Global tensions are rising, but risk perceptions are in the eye of the beholder. Zurich’s John Scott discussed the big picture with Global Reinsurance.
The world of 2024 looks to be a febrile one, with Europe seeing a continuing war in Ukraine, a rise in far-right populism, and civil unrest on the streets of Paris and Berlin.
Little wonder that anxiety is on the rise. Recently, the World Economic Forum partnered with Zurich and Marsh McLennan to produce the Global Risks Report 2024.
The three wrote in a statement accompanying the release that there was a predominantly negative outlook for the world over the next twenty-four months—eighty-four per cent, it said, are concerned, with ninety-two per cent expecting things to worsen over the next ten years.
John Scott, head of sustainability at Zurich, acknowledges how big the topic is and the depth of feeling that the 1,500 global experts surveyed evinced. But he also says that much of the report is based on a survey of peoples’ perceptions.
“I think global risks impact all businesses,” he says. “but some are more impactful than others. In a two year outlook, it’s the risk of misinformation and disinformation that is rated as having the highest impact, on businesses and on individuals through the broader political impact, especially in this year of elections. What do people believe as they participate in social media? What’s their favourite rabbit hole and what confirmation bias are they getting?”
An ongoing theme in 2024 has been the interlinking of crises and tensions across the world. The war in Ukraine, for example, led directly to an increase in energy and food prices, driving inflation in many economies, while rising tensions from that conflict have triggered other geopolitical tensions. And the recent attack on Israel by Hamas, and the former’s response to that, have sparked escalatory tensions across the Middle East.

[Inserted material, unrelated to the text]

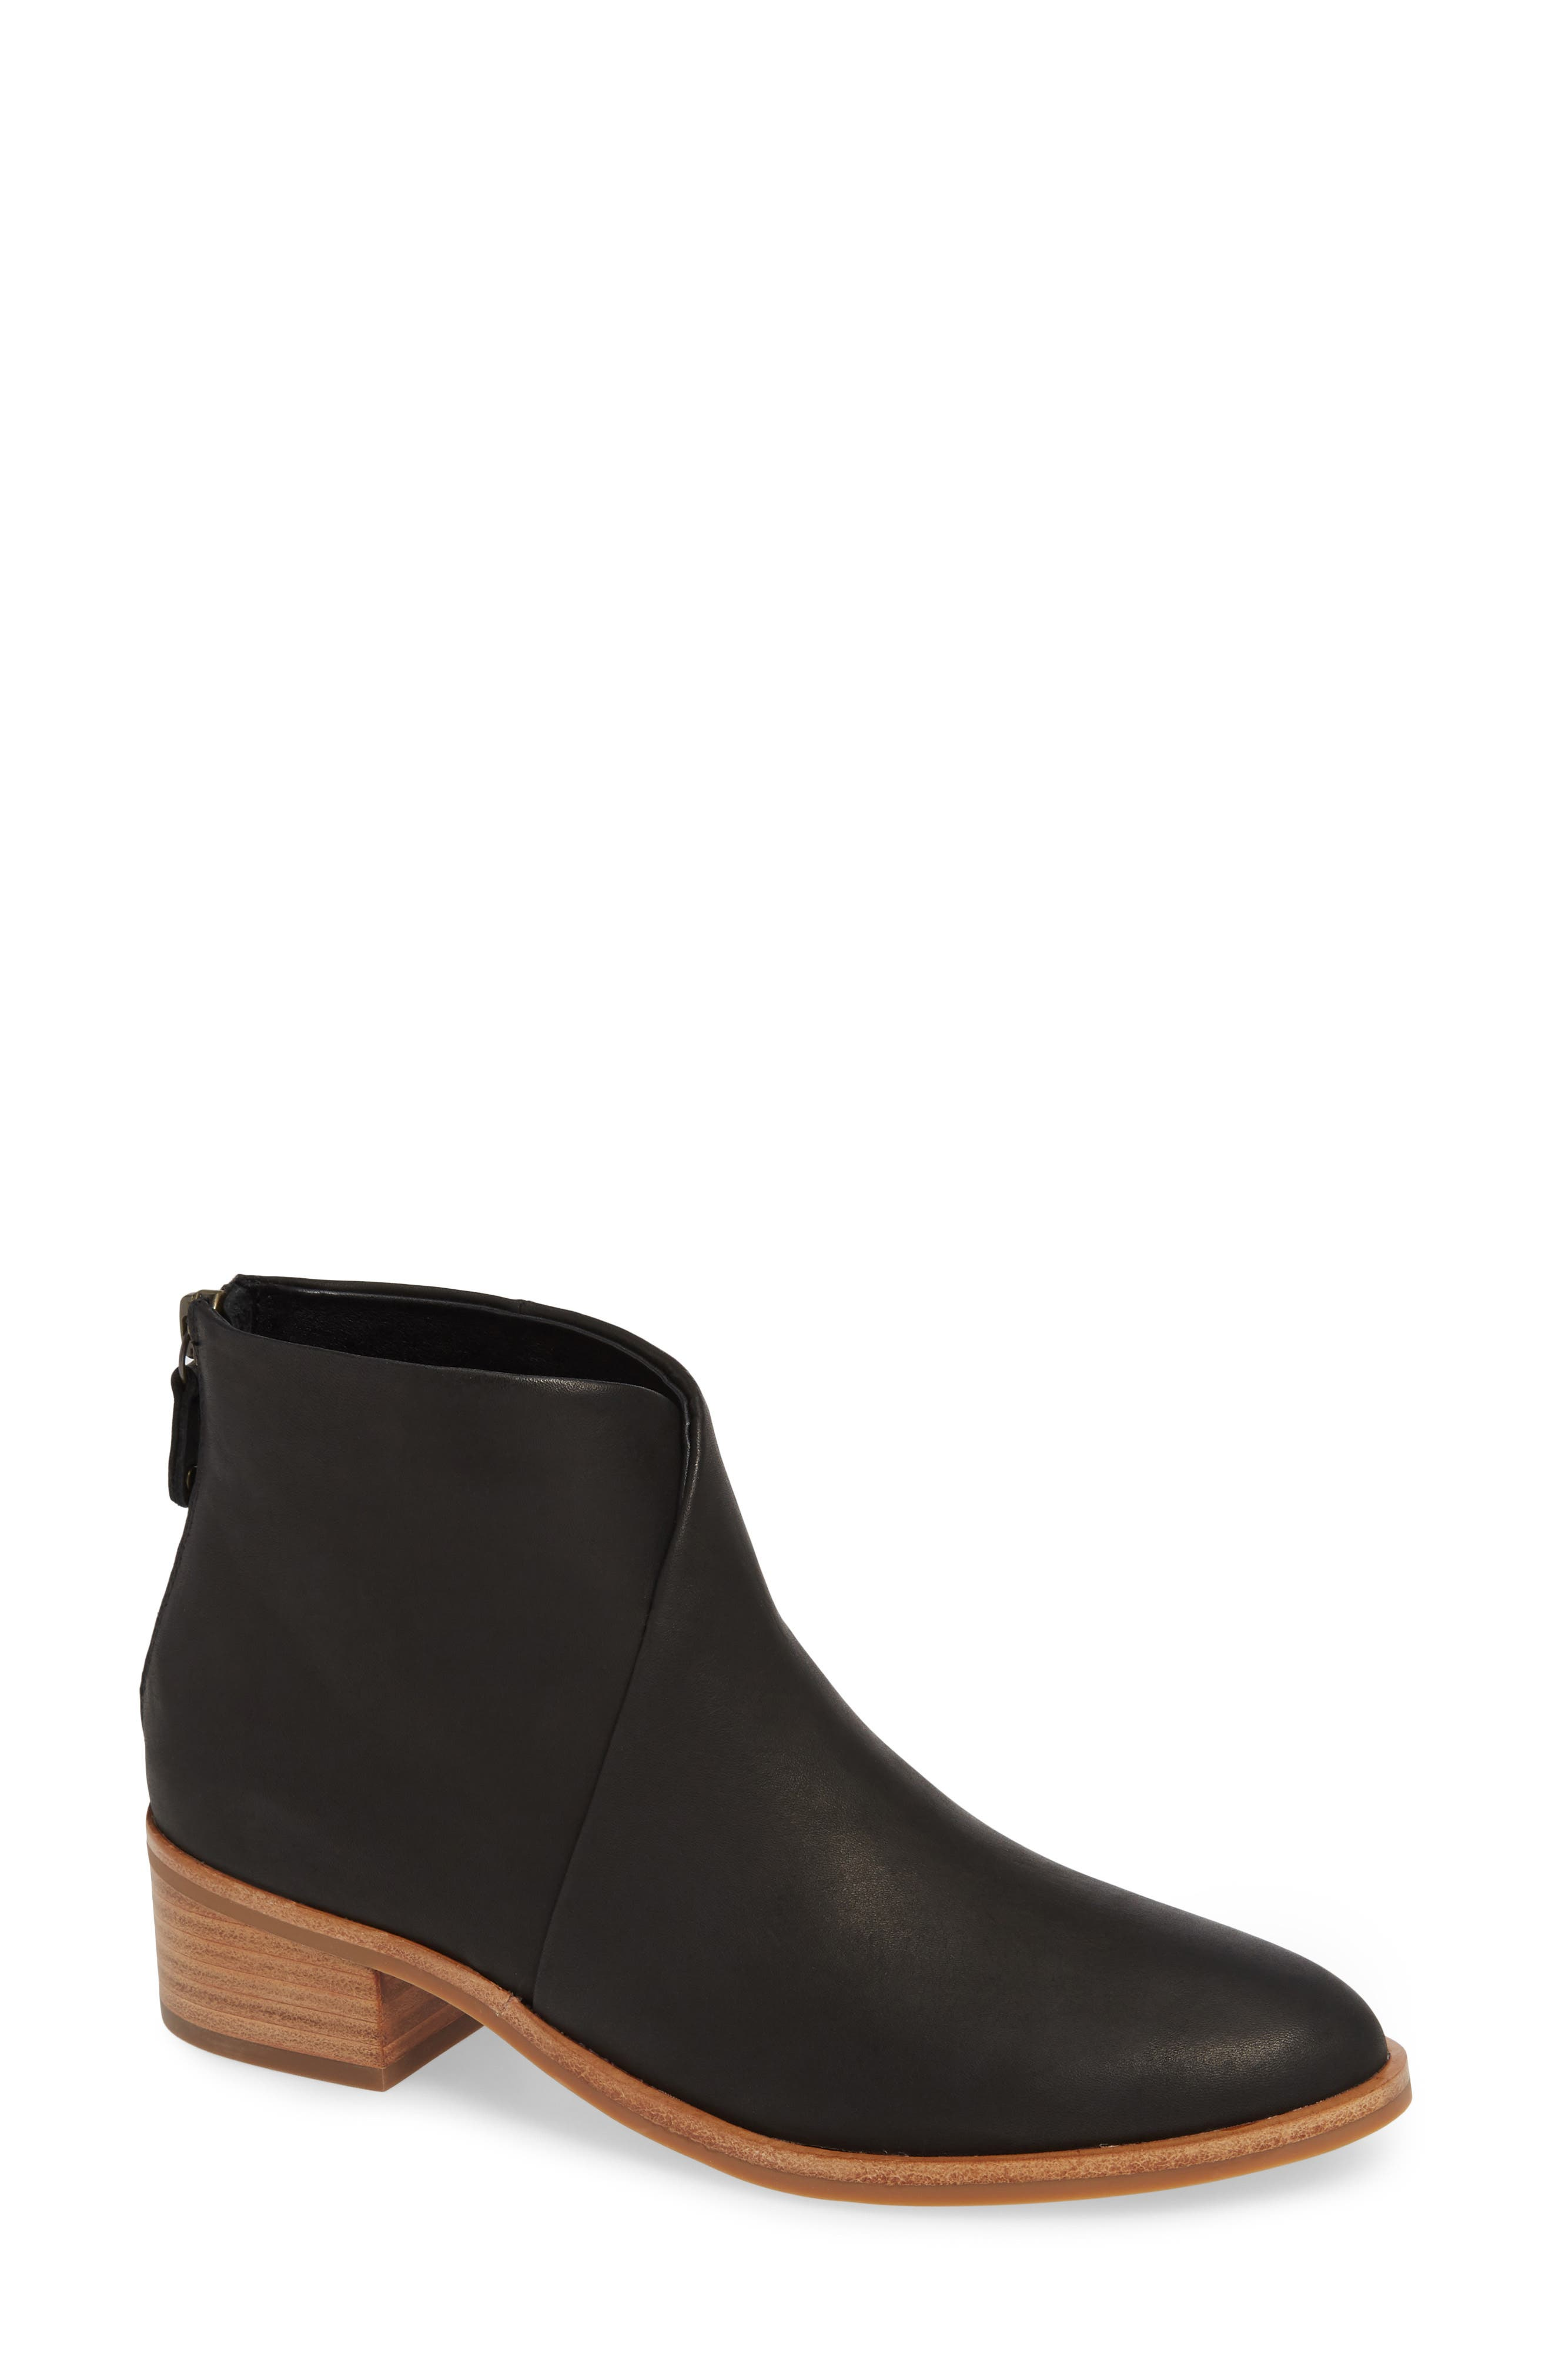 SOLUDOS Venetian Leather Booties in Black

Zurich used the term ‘polycrisis’ In its Global Risks Report 2023, denoting that there was a compounding effect from a ‘cluster of interdependent global risks’. This compounding effect, it wrote at the time, means that their overall impact exceeds the sum of their individual parts.

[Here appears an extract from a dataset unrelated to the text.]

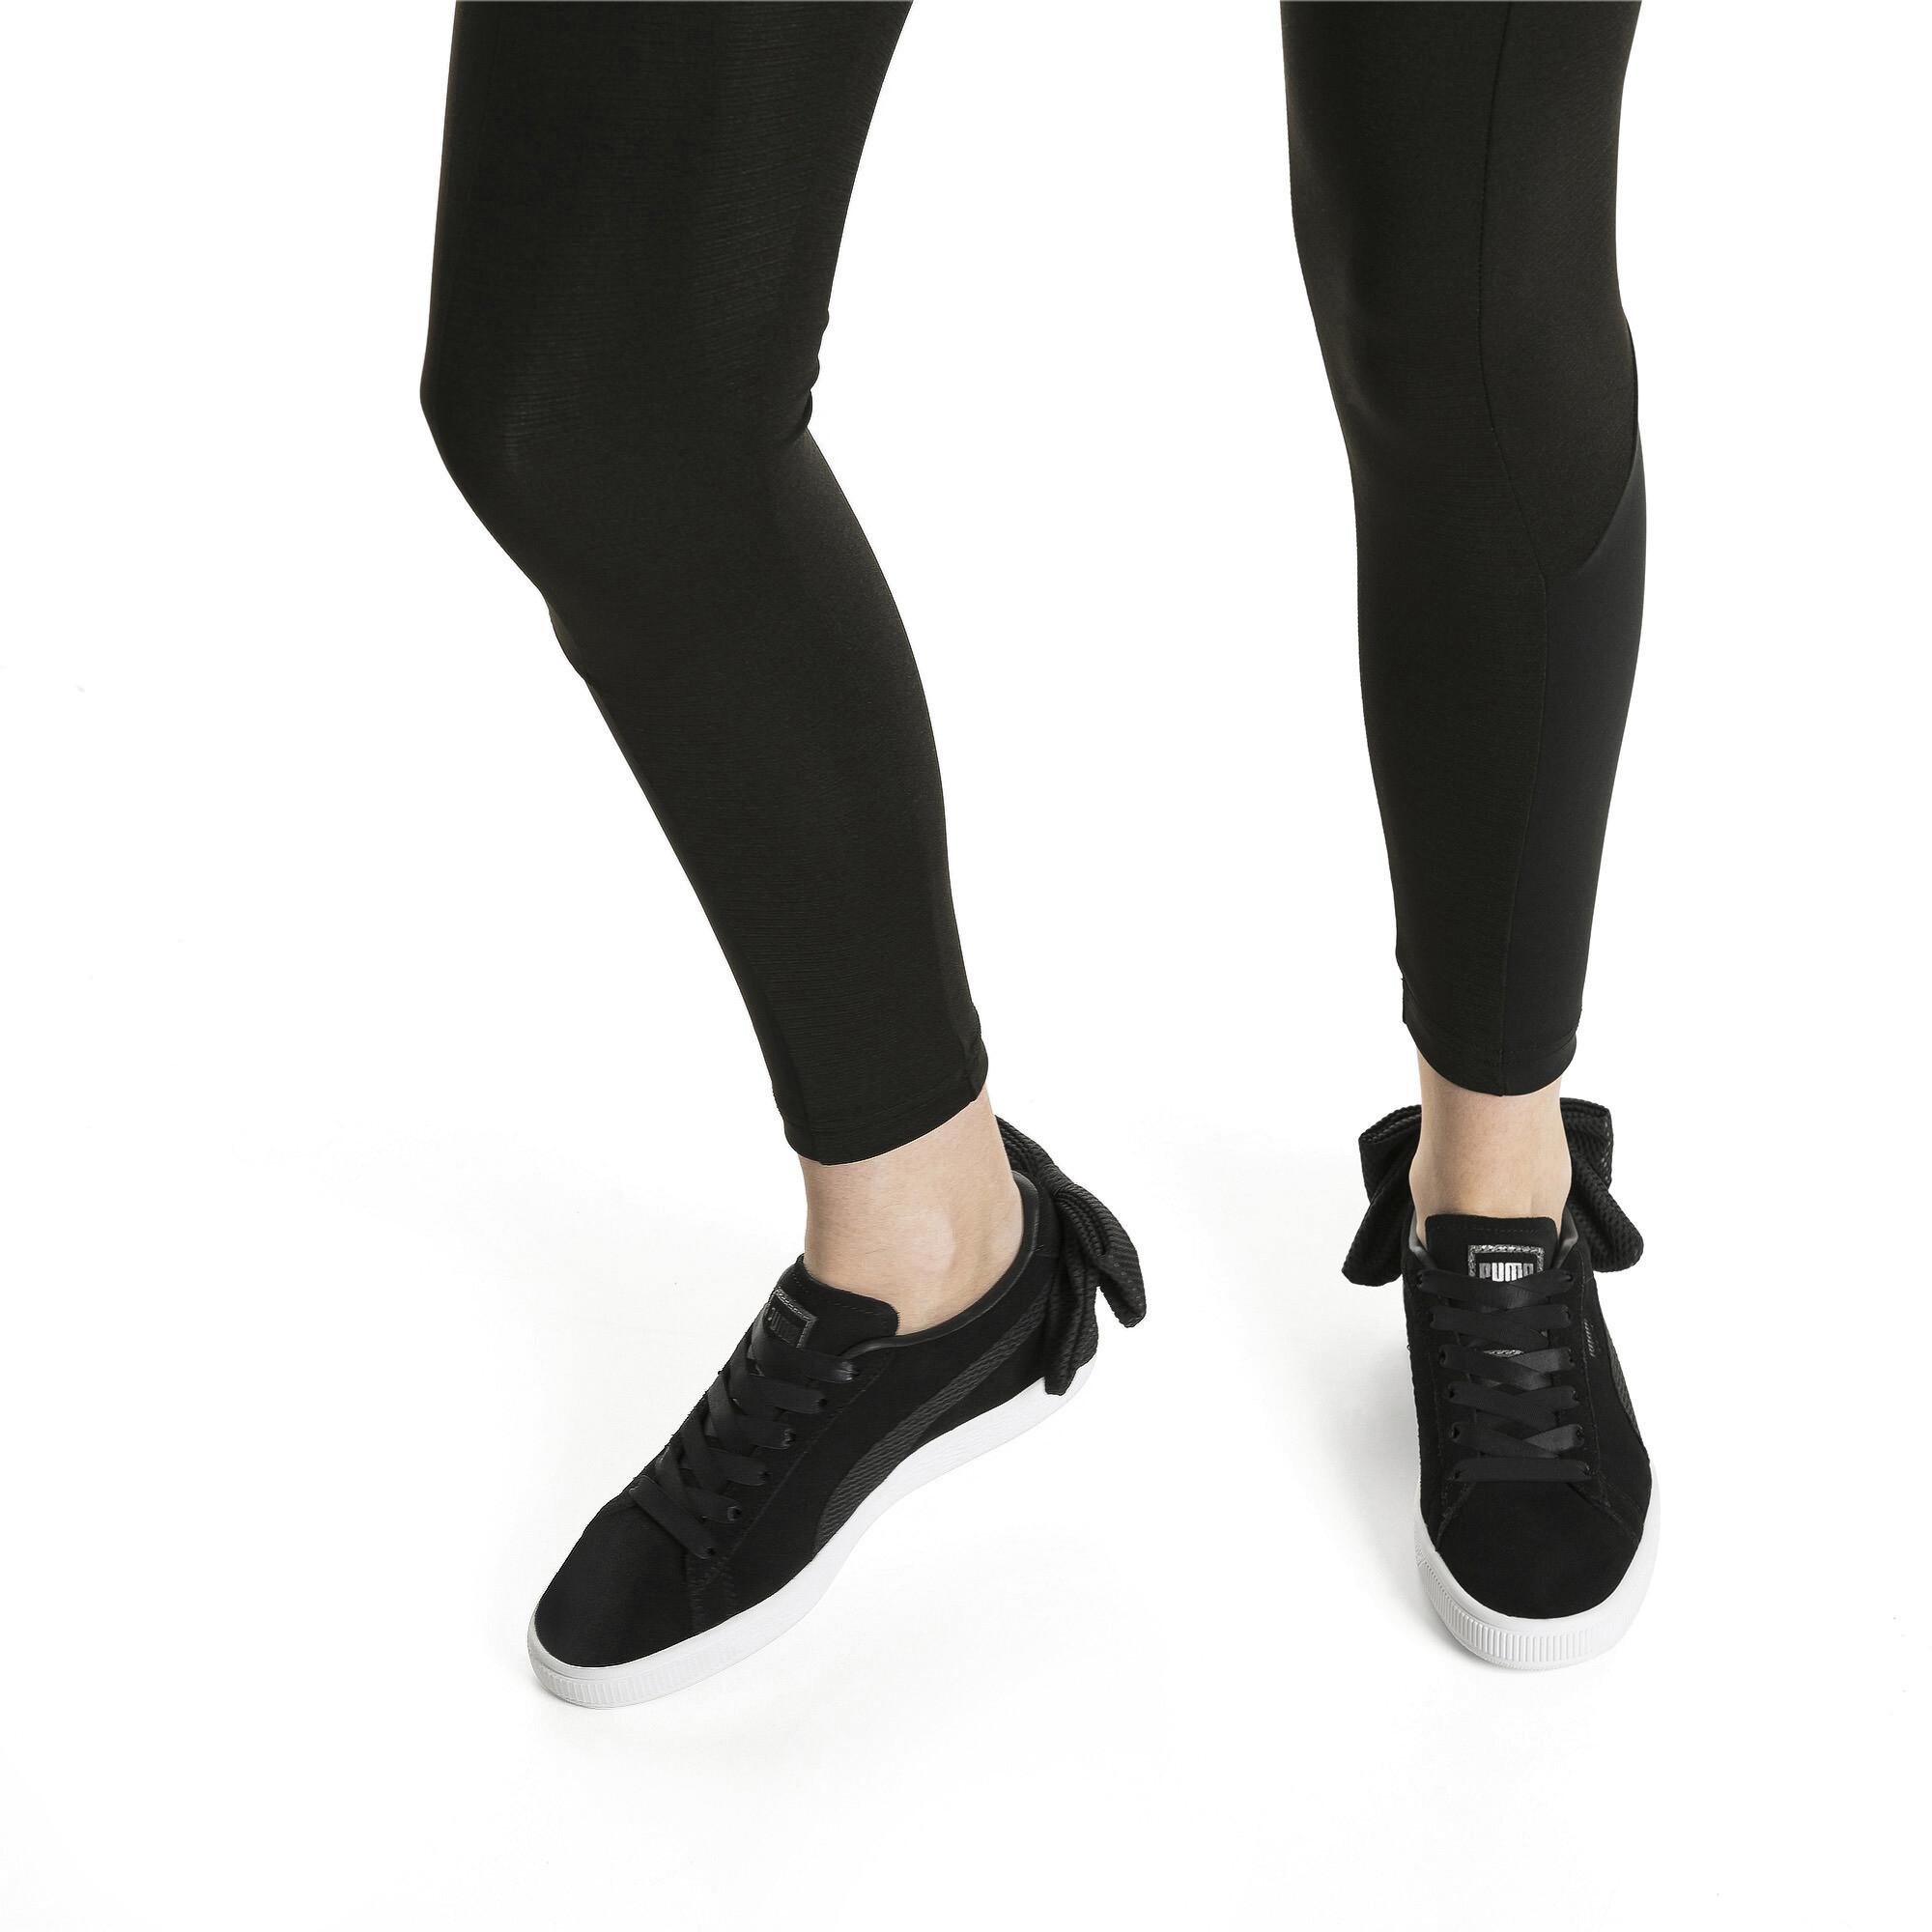 newest 48143 1c340 Details about PUMA Suede Bow Uprising Women's Sneakers Women Shoe Sport  Classics

Scott reflects on the use the of term.
“It was something we chose to use in the 2023 report,” he says, “because it described a set of circumstances in which there seemed to be a lot of immediate crises. I think that is still true, but is it fundamentally any different to how it was five or ten years ago? I don’t think so, because global risks have always been highly interconnected. The triggering of one tends to trigger others.”
Scott harkens back to the financial crisis of 2008 and 2009.
“That crisis was largely in the finance sector,” he says. “Now, that that is a big and influential sector, but the consequences were mainly focused on finance and the consequences for businesses and individuals in terms of ultra-loose monetary policies, with very low interest rates and governments buying back financial assets.
”That made money essentially free, which was a strange time for finance and economies, but it didn’t trigger lots of other crises in the same way as the Covid-19 pandemic, or the Russian invasion of Ukraine.”
He continues: “If you look at some of the other global risk events over the last fifteen or so years, like the 2011 Tohoku earthquake triggering the Fukushima nuclear accident in Japan, or the 2014 / 2015 Ebola outbreak in West Africa these risks also didn’t trigger lots of other crises, at least not immediately, but have had impacts on the other global risks over time.
“For example, Fukushima had political impacts accelerating the shut-down of nuclear reactors in Germany, making their energy market more reliant on natural gas. A decision that was probably regretted during the energy crisis triggered by the Russian invasion of Ukraine and subsequent sanctions.”
Overall, Scott acknowledges to Global Reinsurance that while some trends and incidents can be a risk to some, they remain opportunities for others.
“It depends hugely on your perspective,” he says. “Ageing societies look like threat from the view of the Global North, with potentially lower economic growth, and rising costs of pensions and health care for an ageing population.
“From the perspective of the Global South, with fast growing, increasingly well-educated populations, the economic opportunities of service jobs in the Global North and potential domestic economic growth from developing the minerals or metals manufacturing sectors vital for the energy transition make the structural force of demographic bifurcation, look like an opportunity. So, it’s not as simple as saying it’s an economic downturn for everyone in the world,” Scott adds.